LinkLord: Hmm? Oh crap, SpotedLeaf's right. And I really really really REALLY hate this dare.
SpotedLeaf: (grins evilly) I DARE LINKLORD TO HAVE ABSOLUTELY NO MORE CANDY FOR SEVERAL CHAPTERS!
Vrael: ...
Eitak: You truly are insane.
SpotedLeaf: Why? (sees LinkLord shaking in anger) Aw, crap...
LinkLord: ANGELS ARISE! (suddenly, in a pillar of fire, SEPHIROTH rises out of the ground! Mwahahahahaa...what, I can't do that? TOO BAD! HAHAHAHAHAAAPUMPKINNOISES! Yeah, I know I'm wierd)
Sephiroth: You called me?
LinkLord: Yep. Too bad you're only going to be in this chapter unless I need you again.
Sephiroth: Miserable little whelp!
LinkLord: Hey, anyone got a rosary strong enough to hold an angel straight from the Underworld?
Everyone else: (shake their heads)
LinkLord: Drat. Anyways, KILL SPOTEDLEAF!
SpotedLeaf: S--T! (jumps to his/her feet and runs to the window, then vaults out of it onto the street and Sephiroth follows him)
LinkLord: Hahahaha, nobody takes away MY candy. Anways, next dare is from Sesshy Stalker from Hell. He/She writes for Miroku to adopt the 5-year-old version of me and--
(there's a COLOSSAL green explosion from outside, followed by screaming and a scorched SpotedLeaf crashing through the ceiling, landing with a THUD next to LinkLord)
LinkLord: ...I think the only word to describe that would be 'interesting', and maybe 'totally random'.
Miroku: I HAVE TO ADOPT THAT...THING?!?!?!
LinkLord: Pretty effects.
Miroku: Da f---?
LinkLord: Which reminds me, let's see how my 5-year-old self is doing.
5-YEAR-OLD LINKLORD AND THE TORTURE OF THE INU GANG! ...SHUT UP, IT MAY NOT BE THE BEST TITLE BUT YOU'RE THE ONE READING THIS!
(the small LinkLord is racing around, chanting 'pull my finger' and hitting Inuyasha over the head)
Inuyasha: GET BACK HERE, LITTLE TWERP!
Vicky (from fairly odd parents): HEY, that's MY line! Where's the stupid script--?!
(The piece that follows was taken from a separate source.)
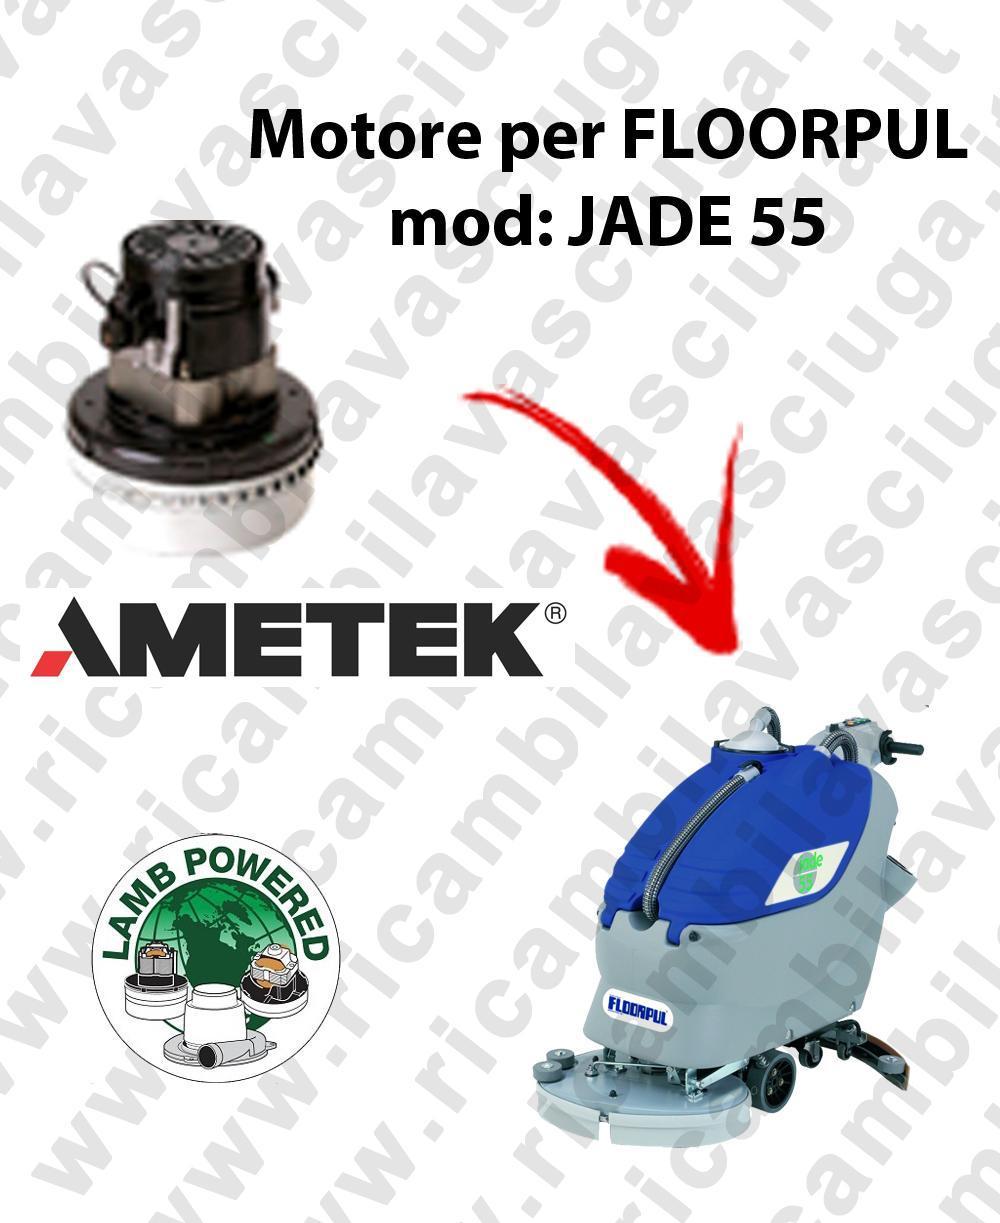 JADE 55 Motore de aspiración LAMB AMETEK para fregadora FLOORPUL

LinkLord: Hahahaha, WOW this is getting seriously messed up. We DID have another dare, from inuyashaloves kagome4ever, but seeing as we're almost out of time I think I'll get to that surprise now. I'm having two animals/creatures be brought into the fic, one of them will be a fairy (Shut up.) and the other, you people get to choose. Next chapter we'll find out what the second animal is, and then after THAT chapter I'll let all of you viewers/readers pick a name for it. In case you didn't understand a SINGLE word I just said, I'll remind you next chapter. So until next time, here's the list of creatures you can choose the next animal to be! Choose wisely:
1. Dragon
2. Panther
3. Cat
4. T-Rex
5. Fox
6. Seaserpent
7. Ghost
8. Grizzly Bear
LinkLord and co.: Choose whichever one you want to accompany the fairy next chapter, and have fun choosing! Bye!